Most of us know that it takes a village to raise a family. What we learned in creating the Tartan 245 is that the village has a lot of great ideas about what makes sailing great. Our design team took those ideas and molded them into one very special boat. 

The new Tartan 245 is not what Tim Jackett, Tartan’s designer, had in mind when he set about designing the newest Tartan. We were looking larger, deckhouse, center cockpit, multiple cabin, that sort of direction after the successful launch of the Tartan 345 and 395 and design of the newest 365. But when the opportunity to build a fleet of boats for learning to sail, for club racing, for training, for experiential adventure, for exceptional multi-use and even adaptive sailing his design brain started clicking. The Judd Goldman Center for Adaptive sailing got the ball rolling by looking for a builder to build an existing boat, but it was Cai Svendsen, with whom we’ve worked before, who reached out and asked about a boat that fit very well into the design parameters that were spinning through Jackett’s mind. Svendsen put his thoughts in front of the designer and the rest will be history.
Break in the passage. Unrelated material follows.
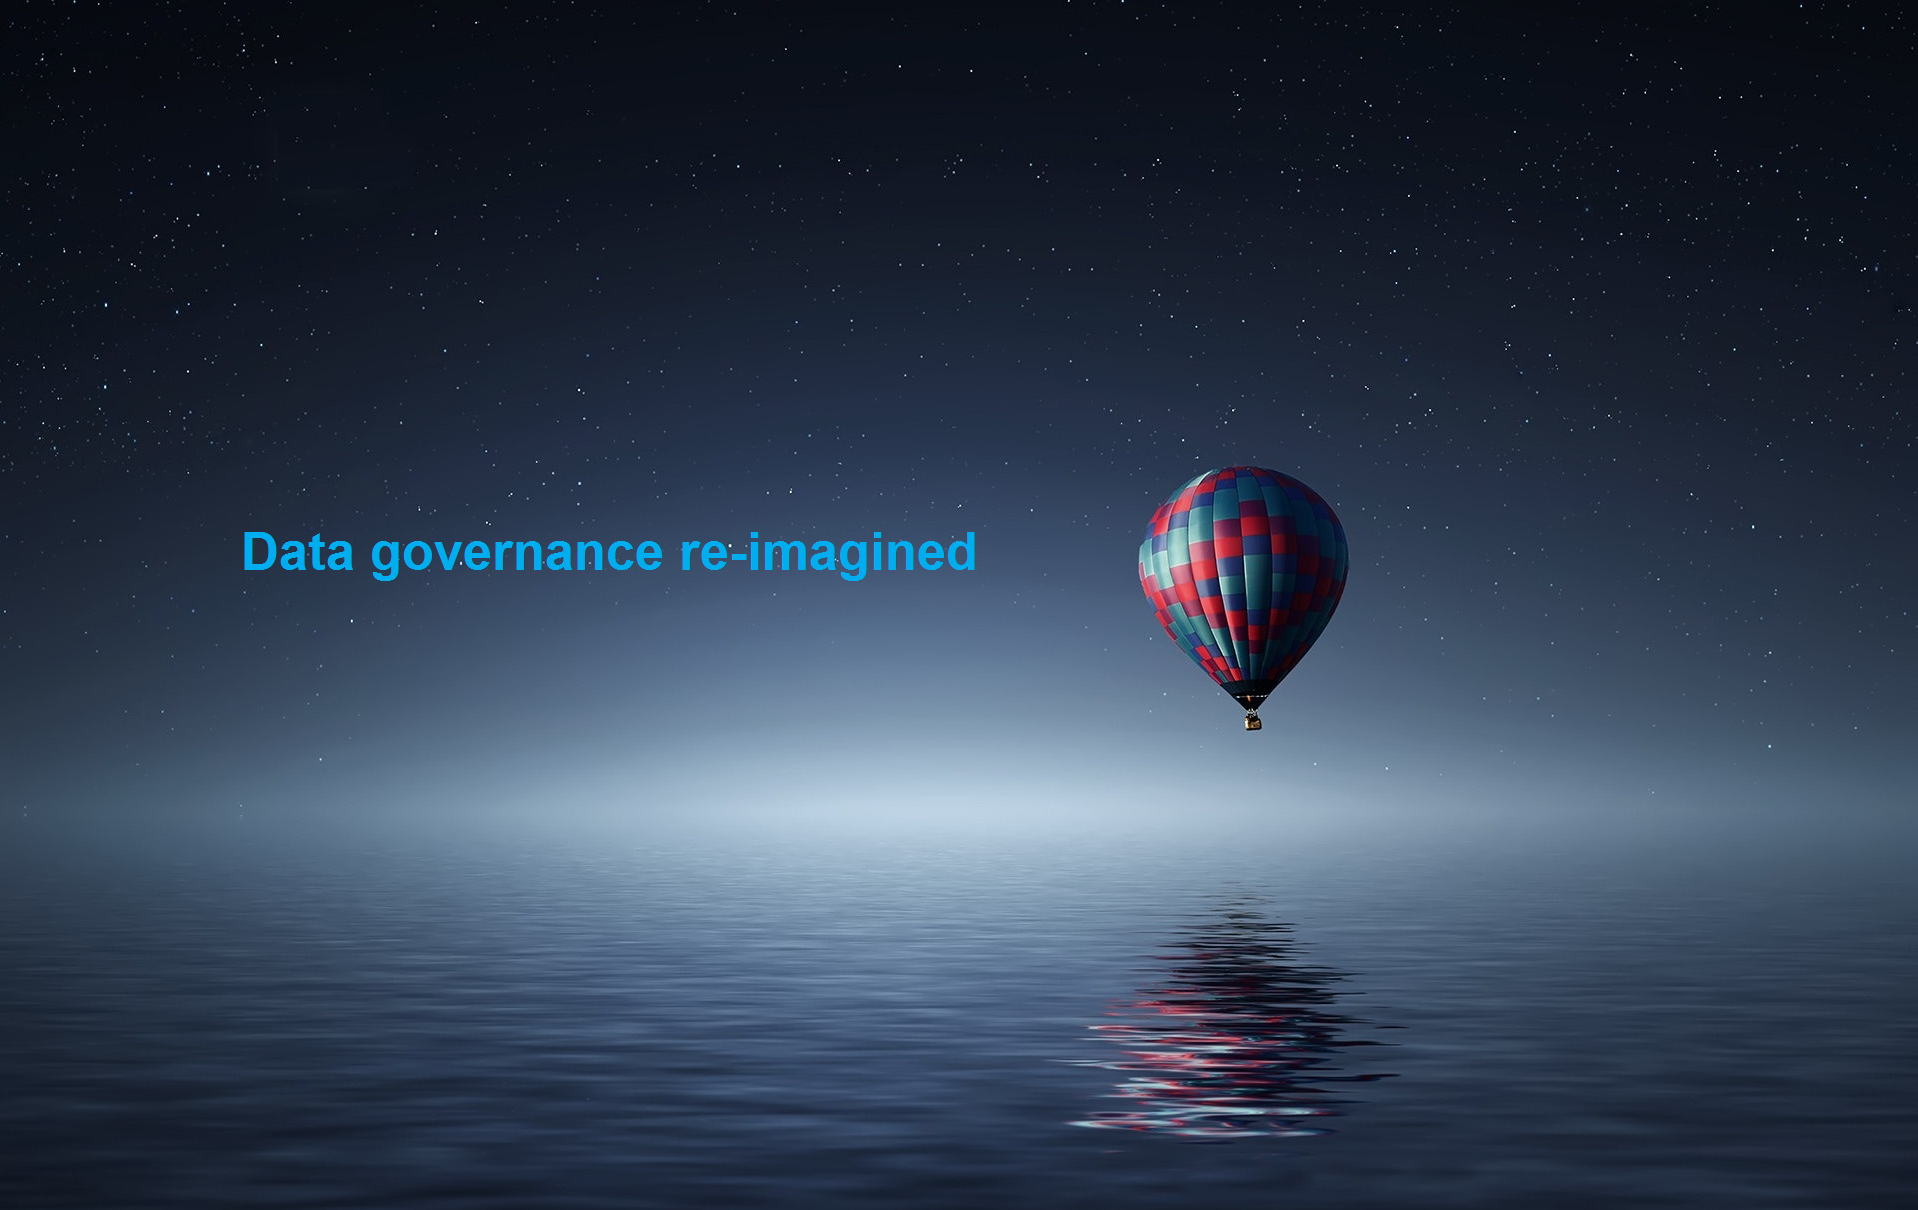 Data_gov_reimagined_full_3.png

Keep it simple. Keep it safe. Keep it fun. Keep performance in the mix but not at the expense of simplicity and safety. Keep it real. Although there may be no such thing as the perfect daysailer, that’s not our decision to make, we have done what we can to push that envelope to a place we believe daysailers belong.

S I Z E 

The Tartan 245 sails on nearly the same waterline as the beautiful Tartan Fantail 26. With the transom flipped and left open the 245 is self-bailing and needs no thru hulls to drain the cockpit. With a 3,000-pound displacement you need a vehicle only slightly larger than a Mini-Clubman to move the 245 on down the road. On a single-axle trailer or yard trailer, moving her around by hand at the club or sailing center boat park is short work. Size in the rig is also important and the 245’s deck-stepped, carbon-fiber mast has a hinge at the base for stepping by minimum crew. The Tartan 245 is the perfect size for safe, stable sailing, being able to make haste in a growing breeze while standing firm when the whitecaps are flying.